Posted by: Annette Naish | Thursday, September 28, 2017 at 09:16 AM
Thanks, Susanna, that was lovely. I haven't read Bride of the MacHugh, but it was wonderful to pop back into Nine Coaches waiting, if only for a moment. A scene comes to mind that I think comes from Mary Balogh's Slightly Sinful, where the hero and heroine dance together for the first time. He knows who she is and is trying to create mischief, but she has no idea who he is. Needless to say, the magic of the dance takes them both by surprise, and this easily-swept-away reader loved it.
Posted by: Margaret | Thursday, September 28, 2017 at 11:46 AM
I’m ashamed to say I can’t recall one, but I enjoyed these two excerpts and I’d forgotten just how much I love Mary Stewart’s writing. I have a battered and much loved copy of Nine Coavhes Waiting on my bookshelf and am now itching to reread it.

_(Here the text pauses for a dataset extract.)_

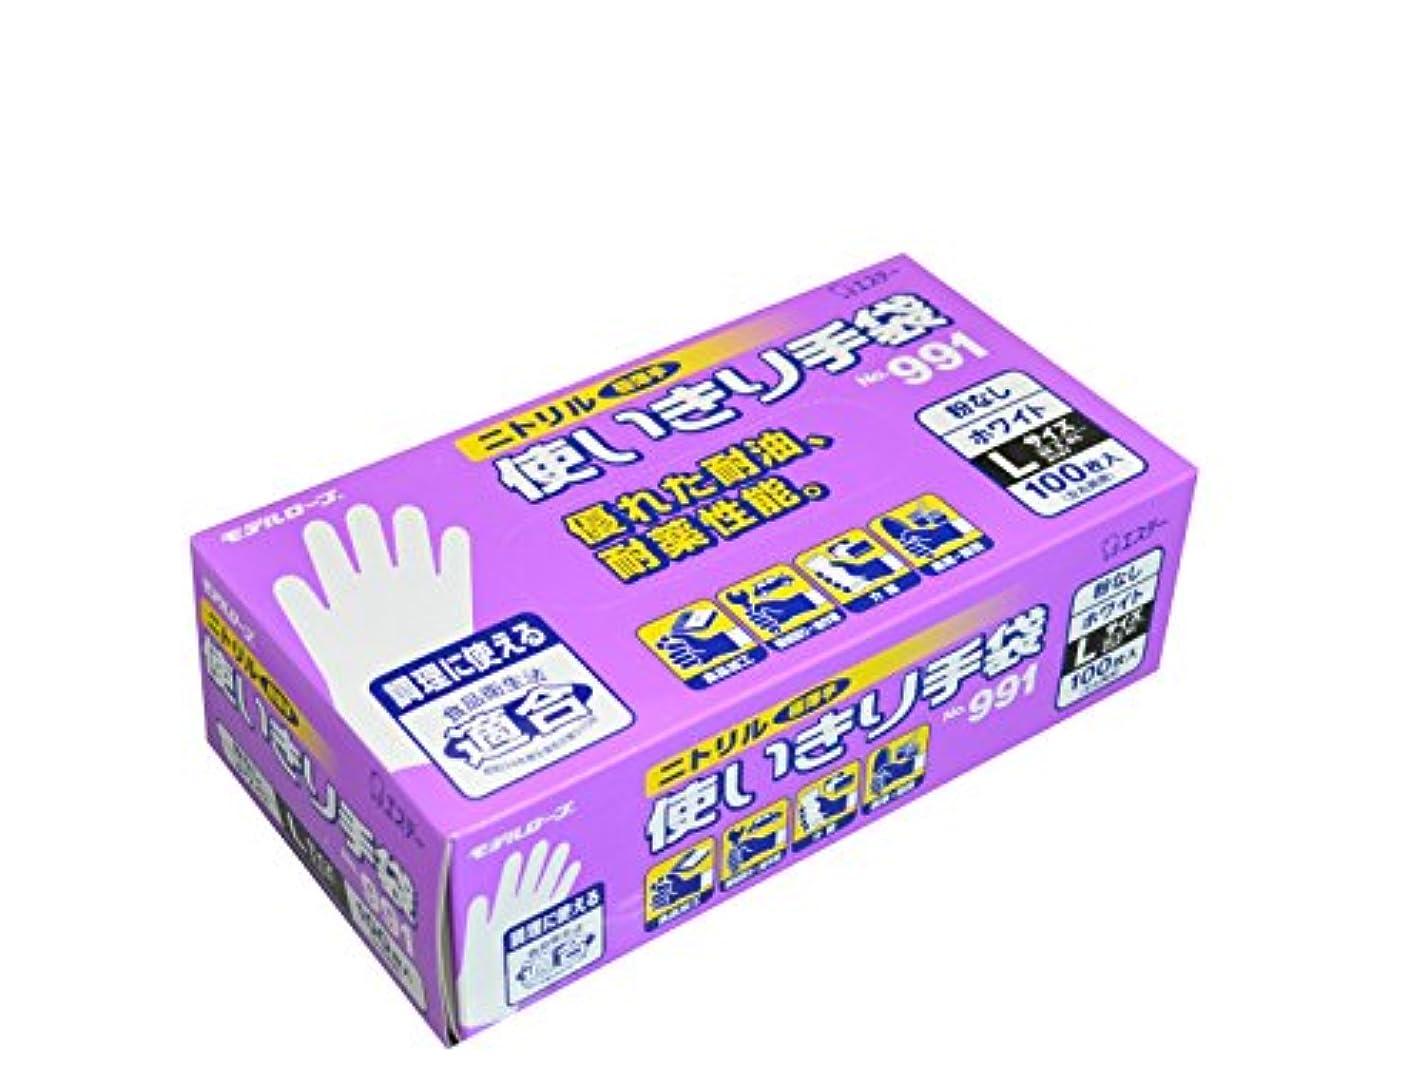 絶縁するヤング引くモデルローブ NO991 ニトリル使い切り手袋 100枚 ホワイト L

Posted by: Shelagh Merln | Thursday, September 28, 2017 at 01:43 PM
I loved that dancing scene from "Bride of the MacHugh". Now I REALLY have to get hold of that book somehow! I just read a good dancing scene in "Lord Endicott's Appetite" by Elisabeth Fairchild, and I don't have it on hand to quote exactly, but the heroine is working as a cook in the hero's house. During a ball which she is not invited to, she is outside in the garden dancing with a garden rake, pretending she has a partner. The hero comes out and asks if he can cut in, and the two of them dance in the dark. It's a lovely bit.